» WHAT YOU WILL DO
Would you retype the whole listing verbatim, keeping pictures out of it?

» EXERCISE DATA
┌────────

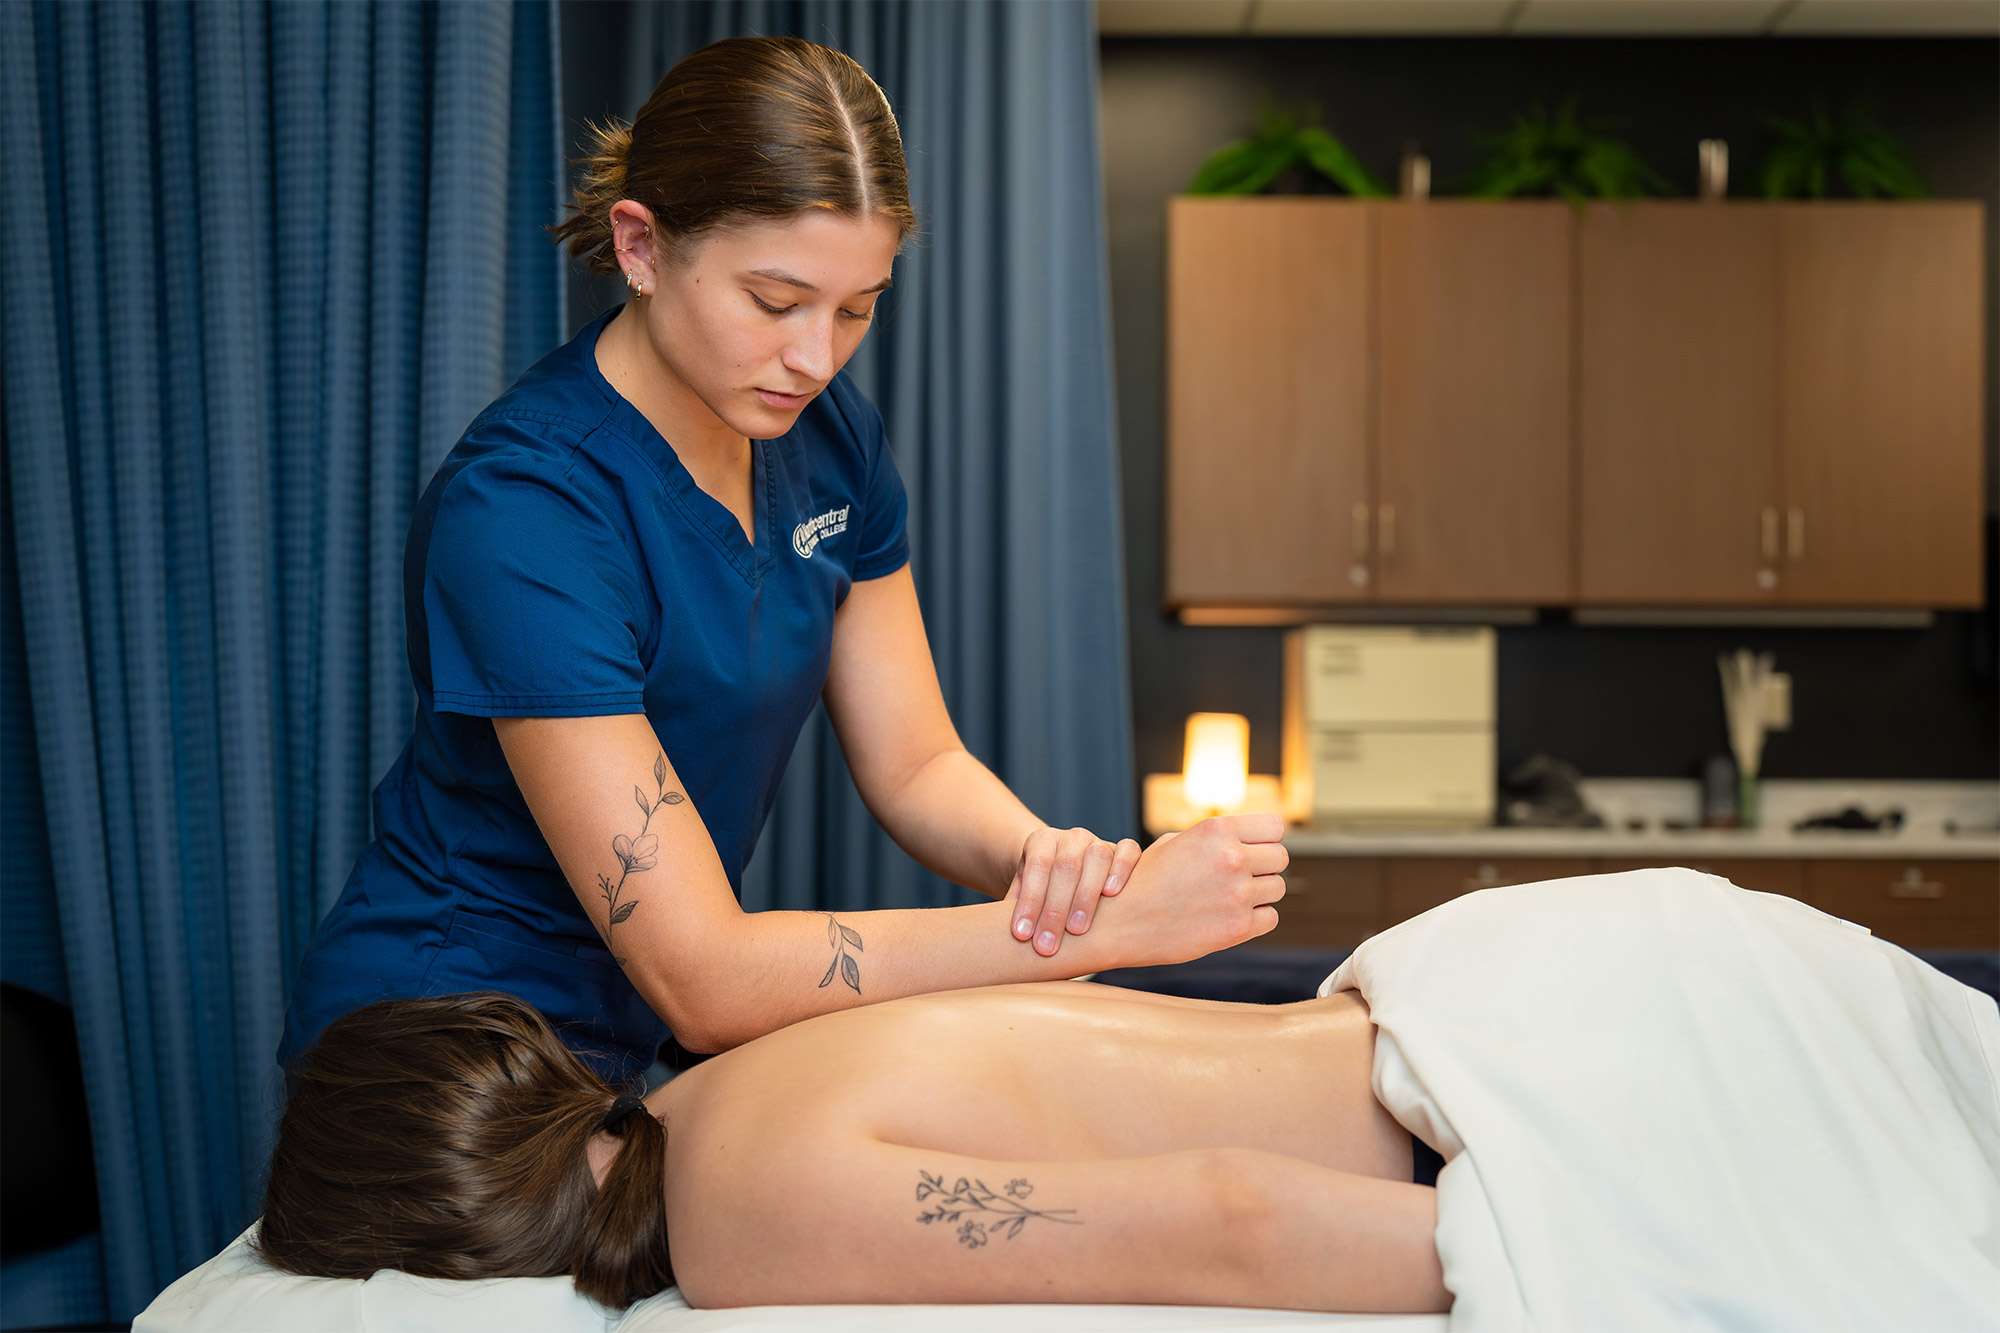 A massage therapist uses her elbow and forearm to massage the back of a patient.
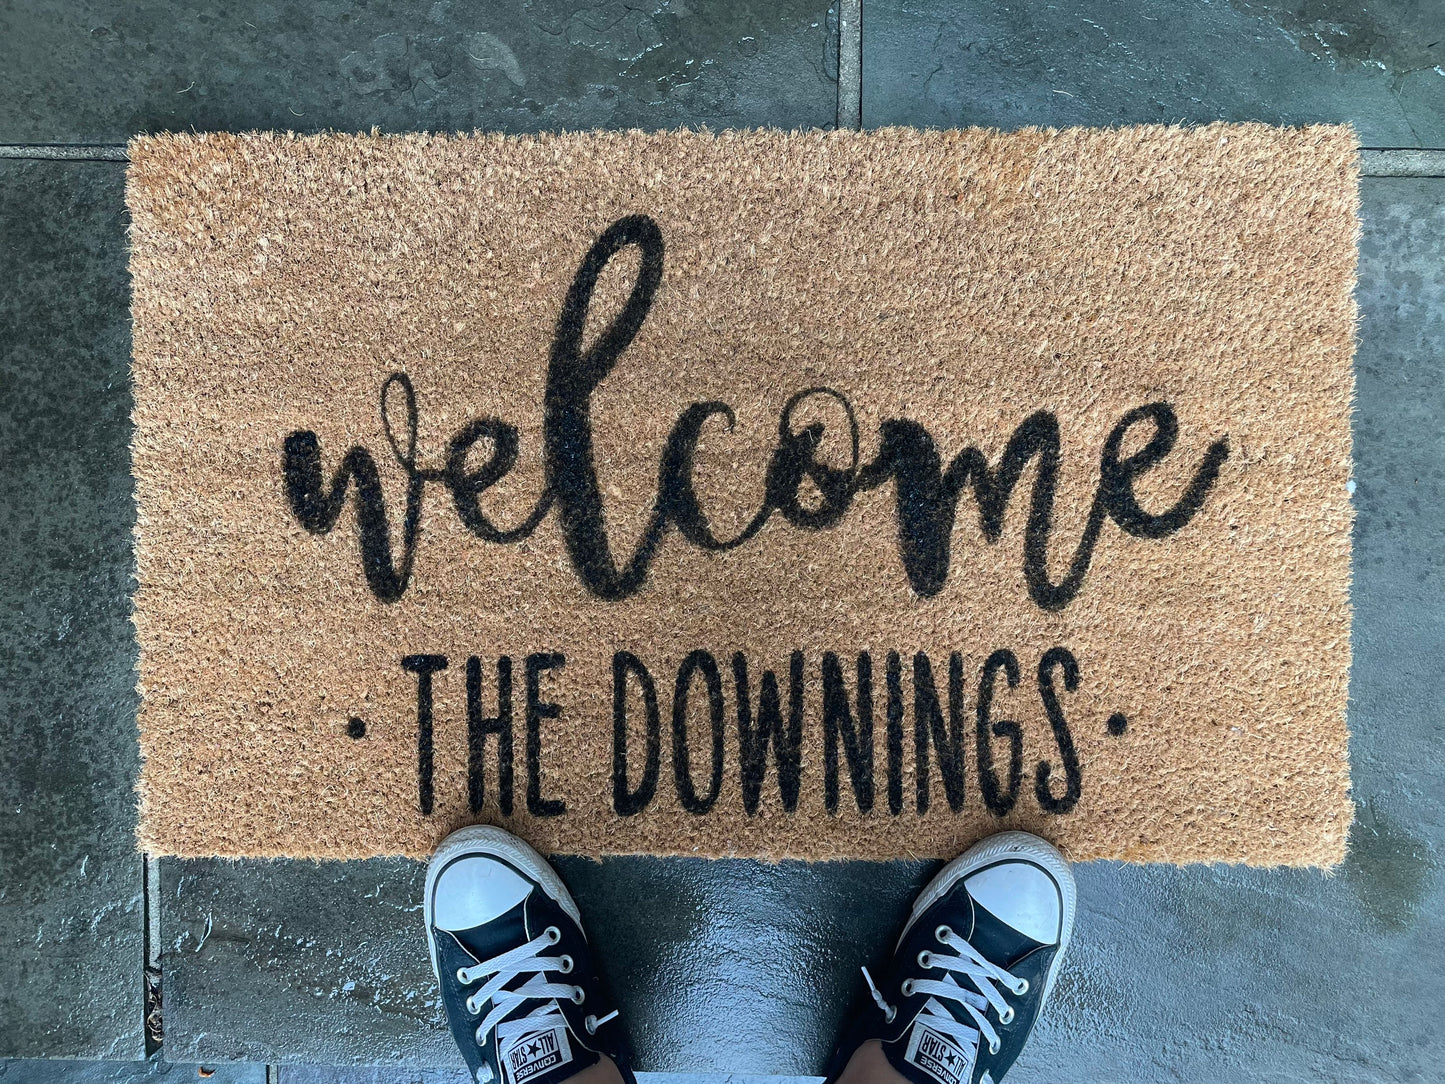 Welcome Mat - Personalized - Design your own - Custom Welcome Mat
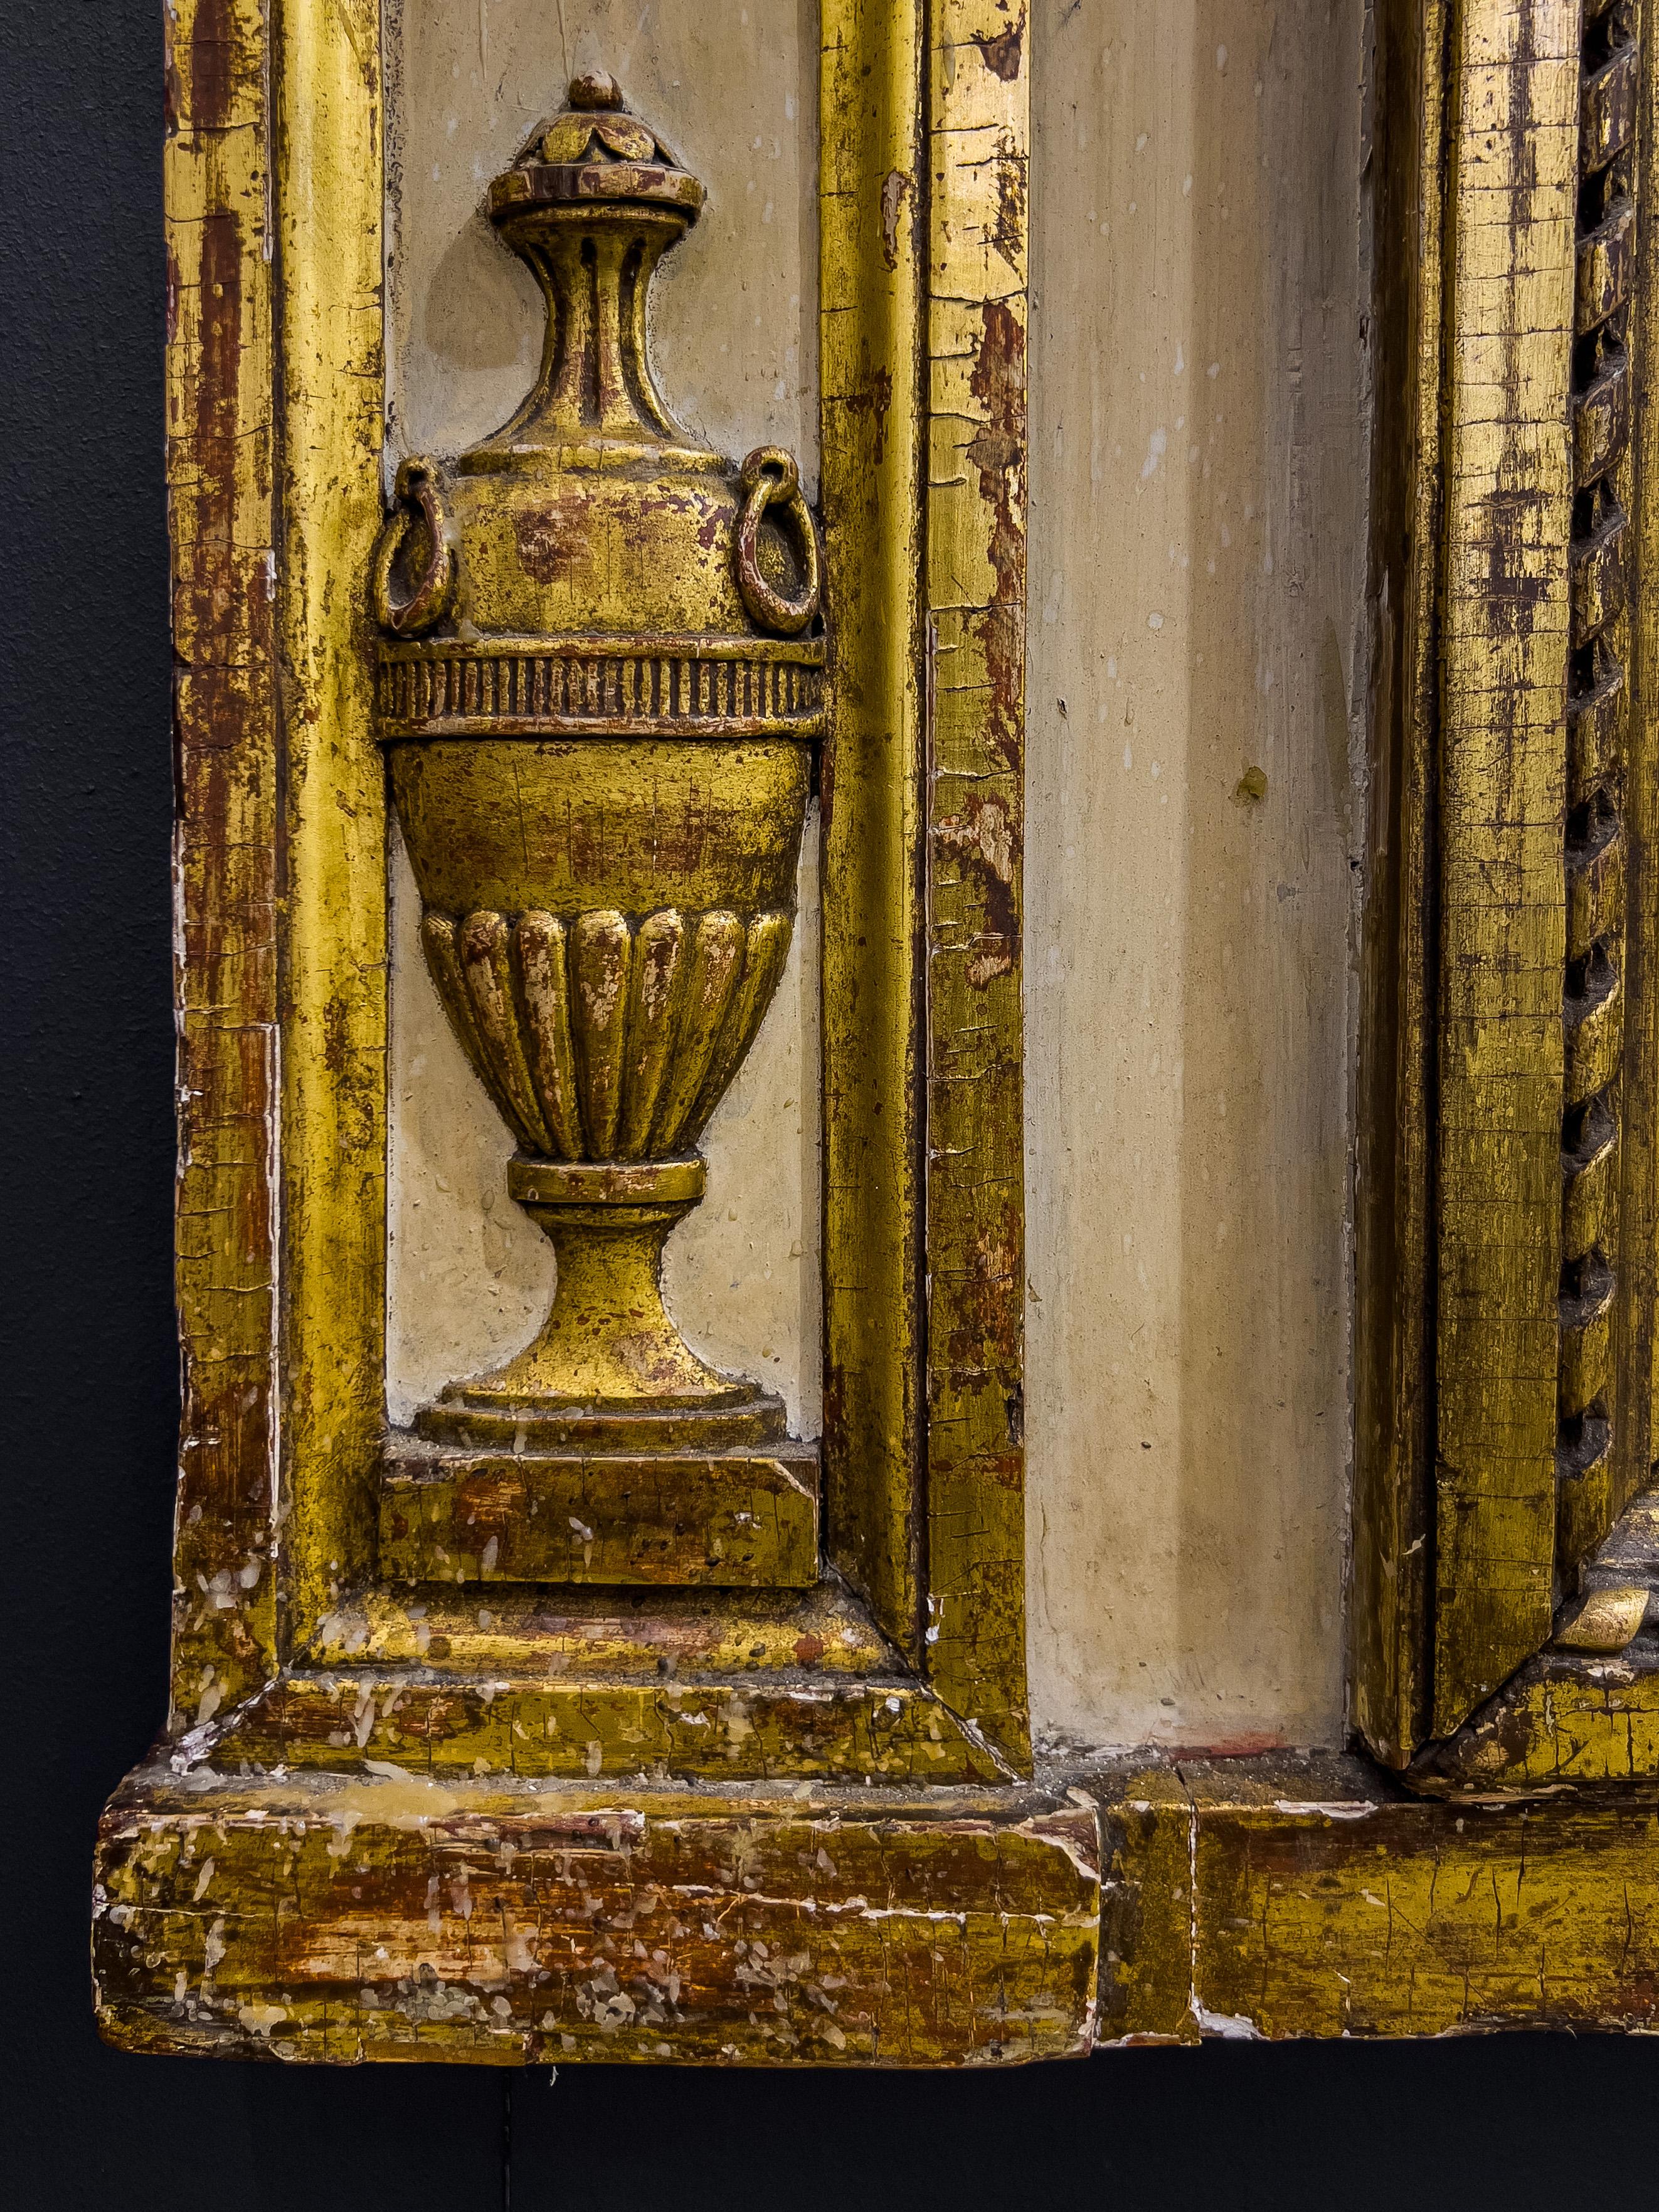 19th C. Neoclassical carved, painted and Parcel gilt mantle mirror. The mirror is in two pieces and the carving depicts rosette swagged garland and urns.

└────────

» PROBLEM SOLUTION
 A massage therapist uses her elbow and forearm to massage the back of a patient.
 Welcome Mat - Personalized - Design your own - Custom Welcome Mat
 19th C. Neoclassical carved, painted and Parcel gilt mantle mirror. The mirror is in two pieces and the carving depicts rosette swagged garland and urns.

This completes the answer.